Additionally if you look at modelmatrix
help:
help?> modelmatrix
search: modelmatrix ModelMatrix
modelmatrix(model::RegressionModel)
Return the model matrix (a.k.a. the design matrix).
nothing warns you that the operation may return some value that is stored in model
or its copy.
A note to package developers: this kind of bug is not likely to be caught by standard tests as it becomes apparent only after you run the operation twice on some object (and usually tests are run only once).
Conclusions
So what is the pattern that I need to re-learn? The golden rule is:
Always check if a value returned by some function is freshly allocated.
Unfortunately, as you could see from the examples I gave, it is easy to forget to verify this.

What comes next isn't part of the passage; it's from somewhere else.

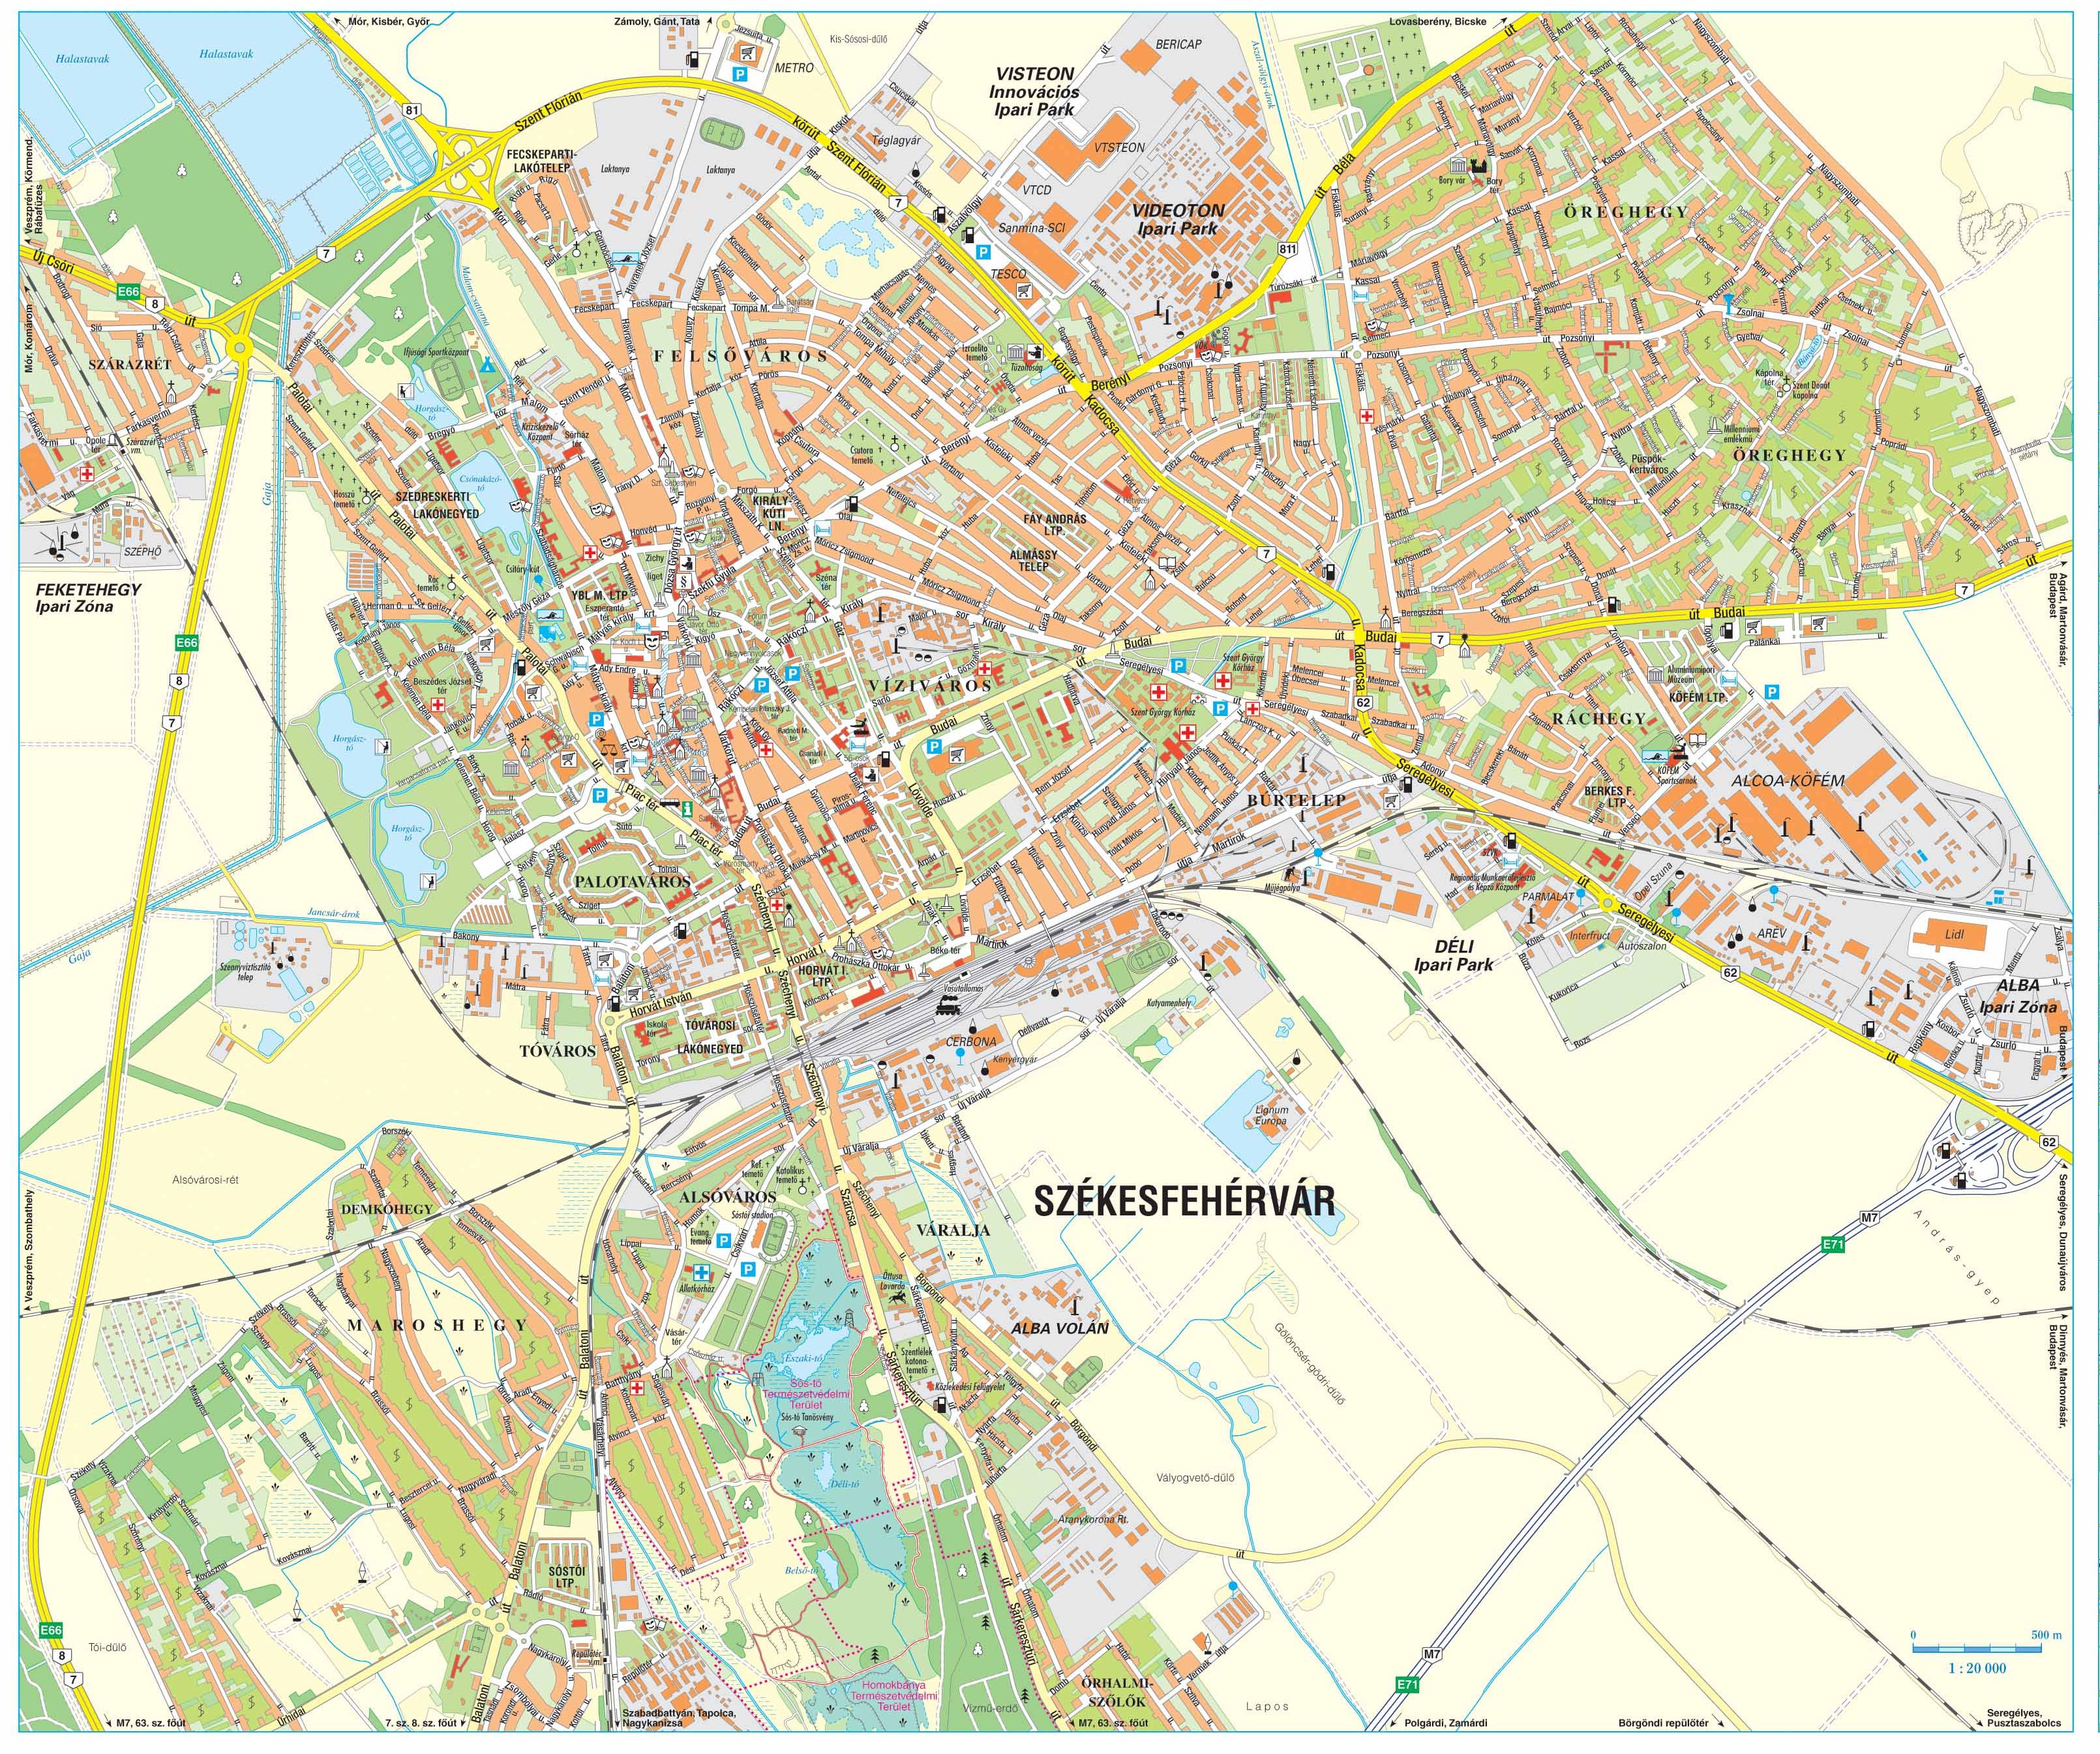 térkép székesfehérvár fehéren feketén térkép székesfehérvár

The major problem is that there is no visual aid that would help you to identify such issues
(as opposed to functions mutating their arguments that end with !
).
If you are user of DataFrames.jl you are partially guarded against the risks I discuss today.
The commonly used functions like select
, combine
, transform
, or the DataFrame
constructor
make sure to make a copy of columns of a data frame they return.
Indeed it reduces their performance, but it helps with safety and usually the performance hit is minimal.
(and for users obsessed with speed we have copycols=false
keyword argument or functions with
!
that work in-place).
So my answer to the question from the title of the post is: do copy (unless you are sure that you can safely skip copying and the performance benefits are worth it).